Meanwhile, polymorphism of loci can be considered high, medium, or low with GDI > 0.5, GDI < 0.5 and > 0.25, or GDI < 0.25, respectively, according to a report by Vaiman et al. (1994). The population in the current study consisting of the 400 accessions of cultivated P. frutescens var. frutescens has average GD and PIC values of over 0.5 in the 22 SSR markers, indicating that this population has a relatively high genetic diversity (Table 1). Moreover, the 14 (based on GD) and 12 (based on PIC) SSR markers among the entire SSR markers showed a high level of polymorphism based on GDI (each > 0.5) (Table 1). The SSR markers named KNUPF used in this study were recently developed by our previous studies for Perilla crop43,44,46. Although only cultivated P. frutescens var. frutescens of Perilla crop, which has relatively lower diversity, was used as material in this study, many SSR markers showed relatively high GDI29,38,39,40,49. Therefore, these SSR markers were considered useful for identifying genetic diversity and population structure and for selecting a core collection for accessions of Perilla crop.

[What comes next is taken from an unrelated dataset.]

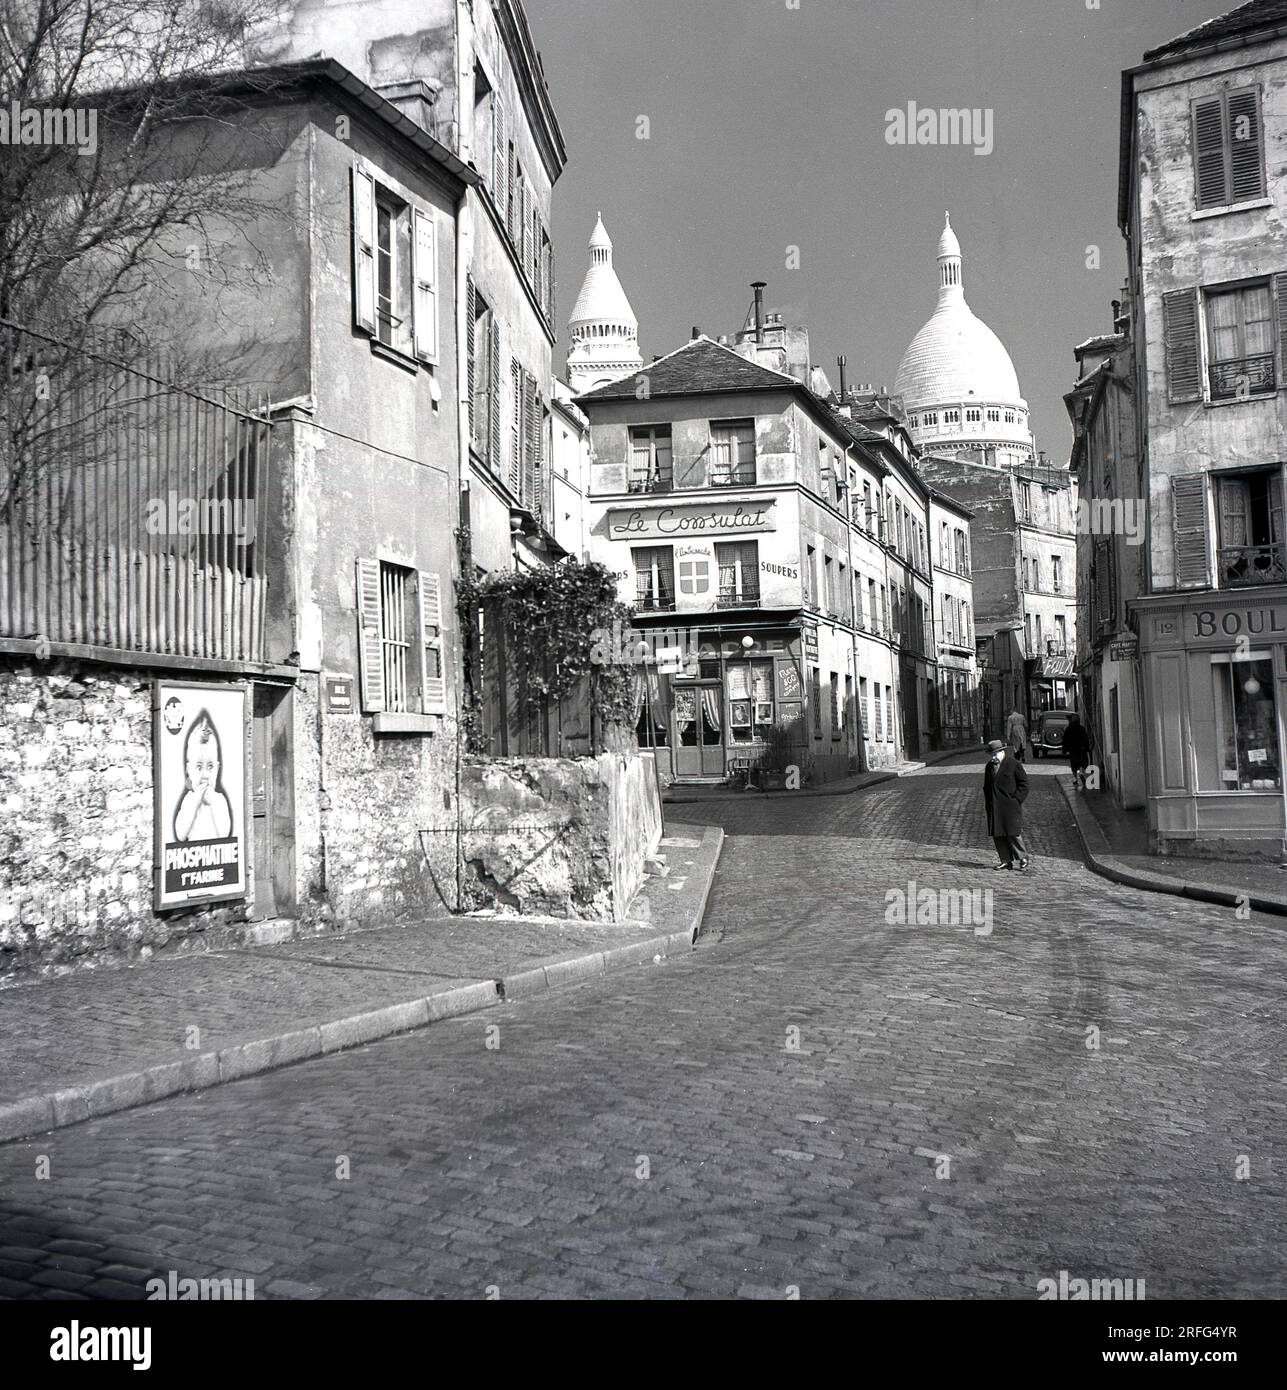 1950s, Paris, France, a man walking acorss a cobbled street in the Montmartre area of the Parisian city, famous for its street artists and church, Sacre Coeur. Picture shows Les Rue des Sales and the restaurant, 'Le Consulat' with the domes of the Sacre Coeur in the background. Stock Photo

Furthermore, these SSR markers will be very useful for genome-wide association study (GWAS) or quantitative traits loci (QTL) analysis, because these markers were developed by using the results of transcriptome analysis for Perilla crop43,44,45,52.

In East Asia, although China is considered the origin of Perilla crop, South Korea is assumed to be the secondary center of biodiversity of Perilla crop because of extensive cultivation, various uses, and high morphological and genetic diversity as well as the existence of weedy types25,26,49,50. Recently, cultivated P. frutescens var. frutescens of Perilla crop has become a cash crop in South Korea, and the cultivation area has expanded significantly. To maximize the use of genetic resources of cultivated P. frutescens var. frutescens of Perilla crop preserved in the RDA-Genebank, the genetic characteristics of the collected resources should be analyzed for efficient conservation and utilization in South Korea. Therefore, this study compared the average allele numbers and GDI values among the central (Group I, 148 accessions) and southern region (Group II, 211 accessions) accessions of South Korea and foreign or unknown (Group III, 41 accessions) accessions (Table 2). The highest allele number was revealed in Group II, followed by Group I and Group III, while the highest GDI values were confirmed in Group III, followed by Group I and Group II (Table 2). Although Group II had the highest allele number, genetic diversity for Group II was lower than that of Group I and II. This result suggests that Group II has the highest number of accessions with more Group II-specific alleles, while this group consists of more accessions with similar genetic characteristics than the other two groups. Moreover, when comparing the South Korea (Group I and II) and foreign accessions (Group III), the South Korea accessions show lower genetic diversity than the foreign accessions (Table 2). This result indicates that the cultivated type of var. frutescens of South Korea has a narrower genetic diversity than the foreign accessions, even though South Korea is the secondary center of Perilla crop. It may be that the environmental variation in the central and southern regions of South Korea is not severe and that farmers for Perilla crop want uniform properties for cultivated type of var. frutescens, such as green leaves and seeds with higher oil yield. However, in South Korea, many accessions of weedy type of var. frutescens with high genetic and phenotypic diversity were found throughout the region25,29,38,43,49.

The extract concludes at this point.